Strawberry · Accepted Answer · 2016-01-22T16:54:53.963

DROP TABLE IF EXISTS my_table;

CREATE TABLE my_table
(id INT NOT NULL AUTO_INCREMENT PRIMARY KEY
,company_id VARCHAR(12) NOT NULL
,created_at DATE NOT NULL
);

INSERT INTO my_table VALUES
( 1123,'abcd','2015/10/12'),
( 8291,'abcd','2015/10/14'),
( 9012,'abcd','2015/10/15'),
( 9540,'abcd','2015/10/16'),
(10342,'abcd','2015/10/21'),
(10456,'abcd','2015/10/22'),
( 2301,'efgh','2015/10/13'),
( 4000,'efgh','2015/11/01'),
( 4023,'efgh','2015/11/03'),
( 6239,'efgh','2015/11/08'),
( 7500,'efgh','2015/11/14');

SELECT x.* 
  FROM my_table x 
  JOIN my_table y 
    ON y.company_id = x.company_id 
   AND y.created_at <= x.created_at 
 GROUP 
    BY x.id 
HAVING COUNT(*) <= 4 
 ORDER 
    BY company_id
     , created_at;
+------+------------+------------+
| id   | company_id | created_at |
+------+------------+------------+
| 1123 | abcd       | 2015-10-12 |
| 8291 | abcd       | 2015-10-14 |
| 9012 | abcd       | 2015-10-15 |
| 9540 | abcd       | 2015-10-16 |
| 2301 | efgh       | 2015-10-13 |
| 4000 | efgh       | 2015-11-01 |
| 4023 | efgh       | 2015-11-03 |
| 6239 | efgh       | 2015-11-08 |
+------+------------+------------+

A solution with variables will be orders of magnitude faster, e.g...

SELECT a.id
     , a.company_id
     , a.created_at
  FROM 
     ( SELECT x.*
            , CASE WHEN @prev = x.company_id THEN @i:=@i+1 ELSE @i:=1 END i, @prev:=x.company_id prev 
         FROM my_table x
            , (SELECT @i:=1,@prev:=null) vars 
        ORDER 
           BY x.company_id
            , x.created_at
     ) a
 WHERE i <= 4;

That query has not stopped running yet.
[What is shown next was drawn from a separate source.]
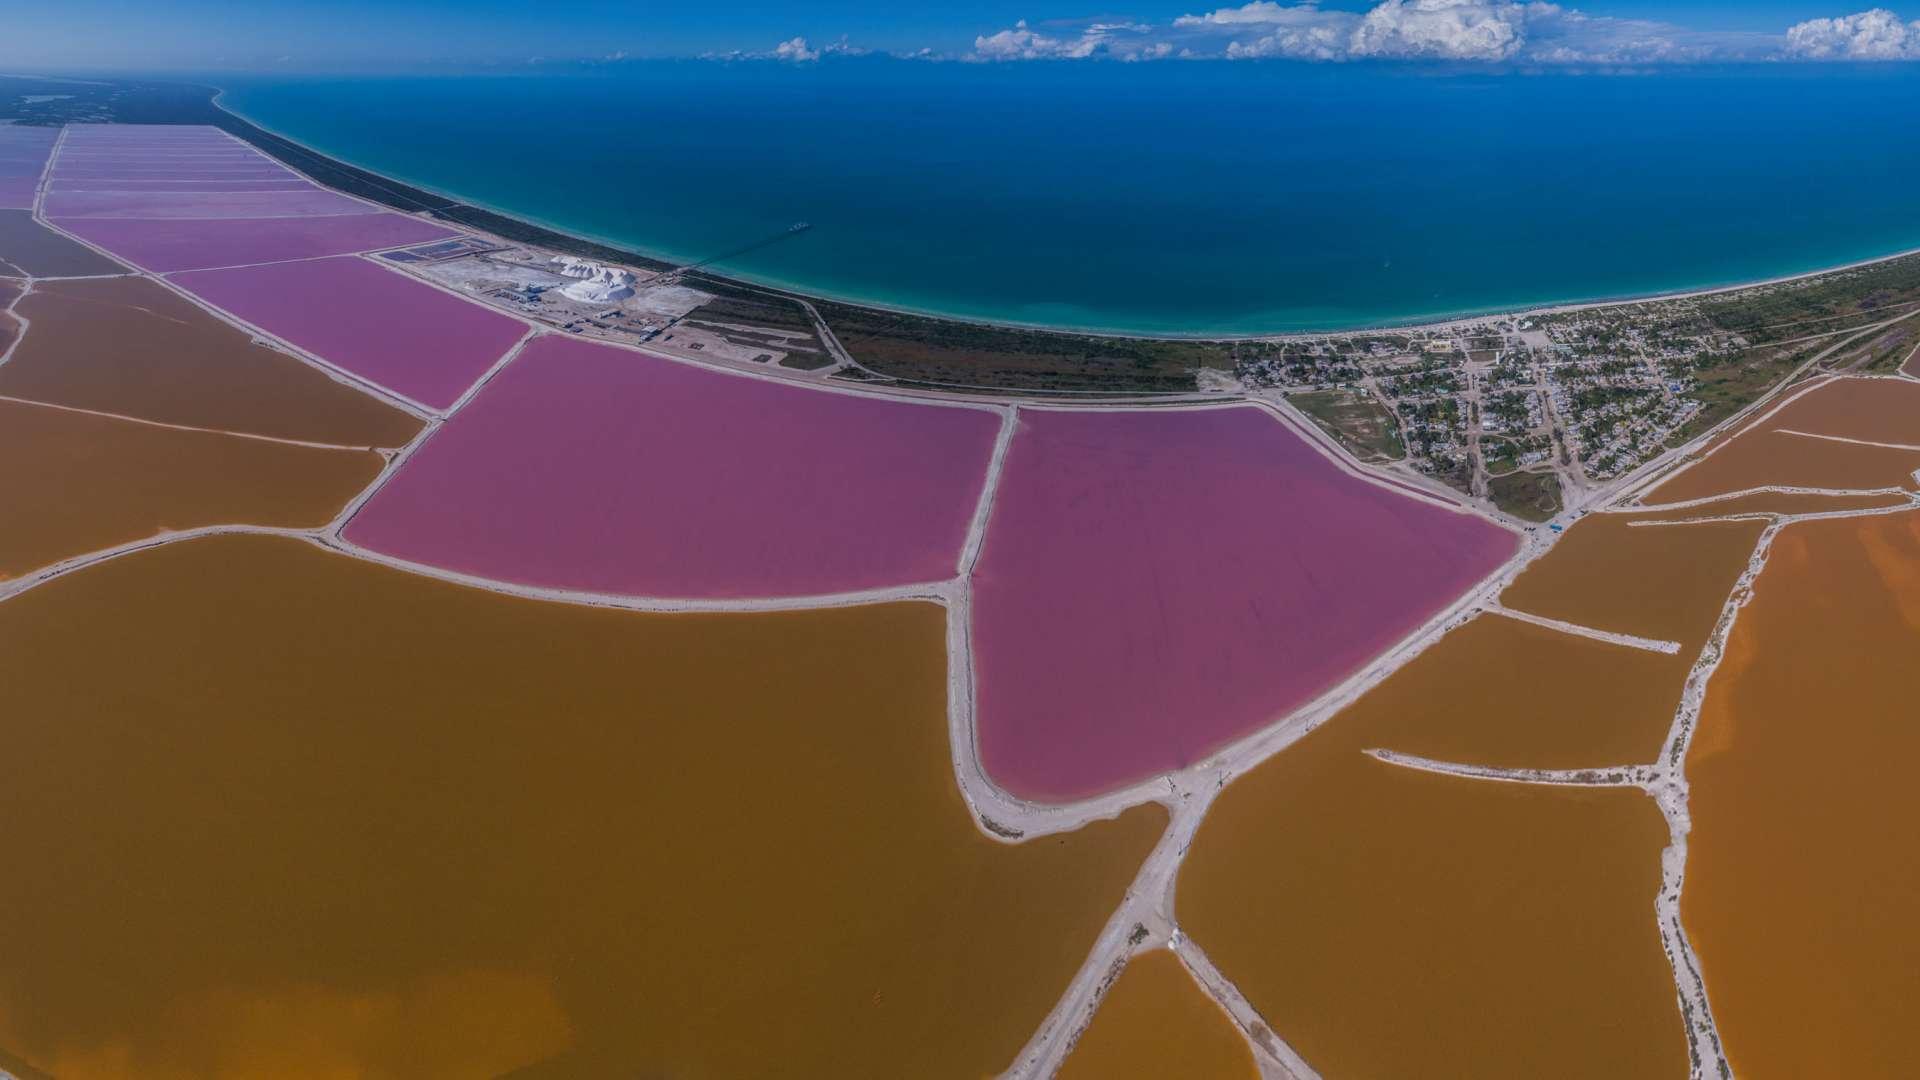 Pink lagoons Las Coloradas Yucatan Mexico Aerial View by drone Enrico Pescantini 6

It may be relevant that my table has 2 million rows. — Pedro Carvalho, Jan 22 '16 at 16:27
A composite index on (company_id,created_at) would probably help. Also, rewriting it with variables would speed things up. — Strawberry, Jan 22 '16 at 16:43

score 0 · Answer 2 · edited May 23 '17 at 12:23

One possible way is the following:

select company_id, 
    min(created_at) as created_at_1,
    (select created_at from t where company_id=t1.company_id order by created_at limit 1 offset 1) as created_at_2,
    (select created_at from t where company_id=t1.company_id order by created_at limit 1 offset 2) as created_at_3,
    (select created_at from t where company_id=t1.company_id order by created_at limit 1 offset 3) as created_at_4
from t as t1
group by company_id

EDIT:

Another possibility (inspired by this answer) is:

select company_id, 
    min(created_at) as created_at_1,
    min(case r when 2 then created_at else null end) as created_at_2,
    min(case r when 3 then created_at else null end) as created_at_3,
    min(case r when 4 then created_at else null end) as created_at_4
from (
    select company_id, created_at,
        (case company_id when @curType 
        then @curRank := @curRank + 1
        else @curRank := 1 and @curType := company_id end)+1 as r
    from t, (select @curRank := 0, @curType := '') f
    order by company_id, created_at
) as o
where r <= 4
group by company_id

This query has been running for 10 minutes and still hasn't returned anything. — Pedro Carvalho, Jan 22 '16 at 15:33
@PedroCarvalho: It worked on the sample data, but may be slow on larger data sets. I have updated my answer with another alternative, but it may also take some time. — Richard Tingstad, Jan 22 '16 at 16:51

score -1 · Answer 3 · answered Jan 22 '16 at 17:09

Could by like this maybe?

   SELECT S.company_id,
          A.created_at created_at_1,
          B.created_at created_at_2,
          C.created_at created_at_3,
          D.created_at created_at_4
     FROM sample S
LEFT JOIN sample A on S.company_id = A.company_id AND A.id NOT IN(S.id)
LEFT JOIN sample B on S.company_id = B.company_id AND B.id NOT IN(S.id, A.id)
LEFT JOIN sample C on S.company_id = C.company_id AND C.id NOT IN(S.id, A.id, B.id)
LEFT JOIN sample D on S.company_id = D.company_id AND D.id NOT IN(S.id, A.id, B.id, C.id)
 GROUP BY S.company_id

http://sqlfiddle.com/#!9/c577e/3

It might not be very efficient, though.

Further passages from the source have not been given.